In this way, the person with psoriasis can take control of the conversation and limit its potential to cause upset.

There is an article in The Psychologist by James Partridge and Adam Pearson, two inspirational men with visible differences. They suggest that if you have a disfigurement you have to be more socially skilled to help manage the reactions of others.   Both James, who was badly burned in a car accident, and Adam, who has Type 1 neurofibromatosis, have learned to do this:

James:

I experimented with different levels of eye-contact, handshake, verbal energy and body language, and found out and eventually mastered the skills to deal with the scared-ness I met – ‘scared’ being an acronym for staring, curiosity, anguish, recoil, embarrassment and dread. These skills mediated the effect of my outside and boosted my inside too.

Adam:

I discovered too how to control a social situation – just going up to someone who is staring or acting funny and saying ‘Hi’ is a really good way of breaking the ice and showing your human side.

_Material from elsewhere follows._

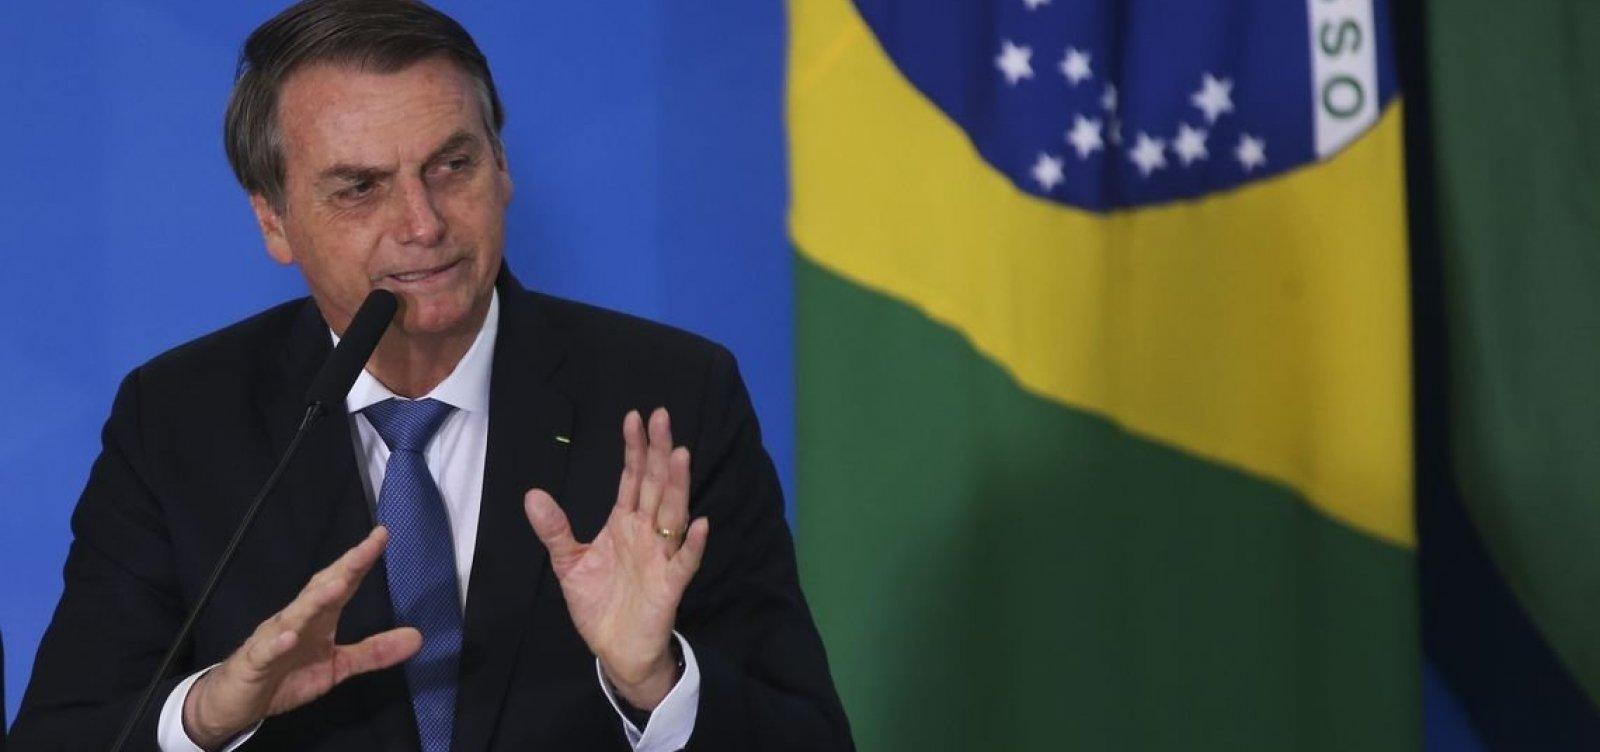 Congresso derruba veto de Bolsonaro sobre fundo eleitoral

There is no doubt that facing the world, plaques and all, takes a great deal of courage. But, like all things, it gets easier with practise. Decide how you want to explain, reassure and distract. Choose your own words and try them out on your family or in the mirror.

If you have a child with psoriasis, practise it with them so they can use it at school. Instead of getting cross if someone asks what is wrong with your child, model an “explain, reassure, distract” response so your child can learn from watching you. Be prepared and then you won’t get upset, flustered or angry in the heat of the moment.

Stop hiding away. Take a deep breath and get out there!

 

References

Oaten, M., Stevenson, R.J. and Case, T.I. (2009). Psychological Disgust as a Disease-Avoidance Mechanism. Psychological Bulletin, Vol. 135 (2), 303–321.

Partridge, J. and Pearson, A. (2008). Don’t worry…it’s the inside that counts. The Psychologist, 21, 490-491.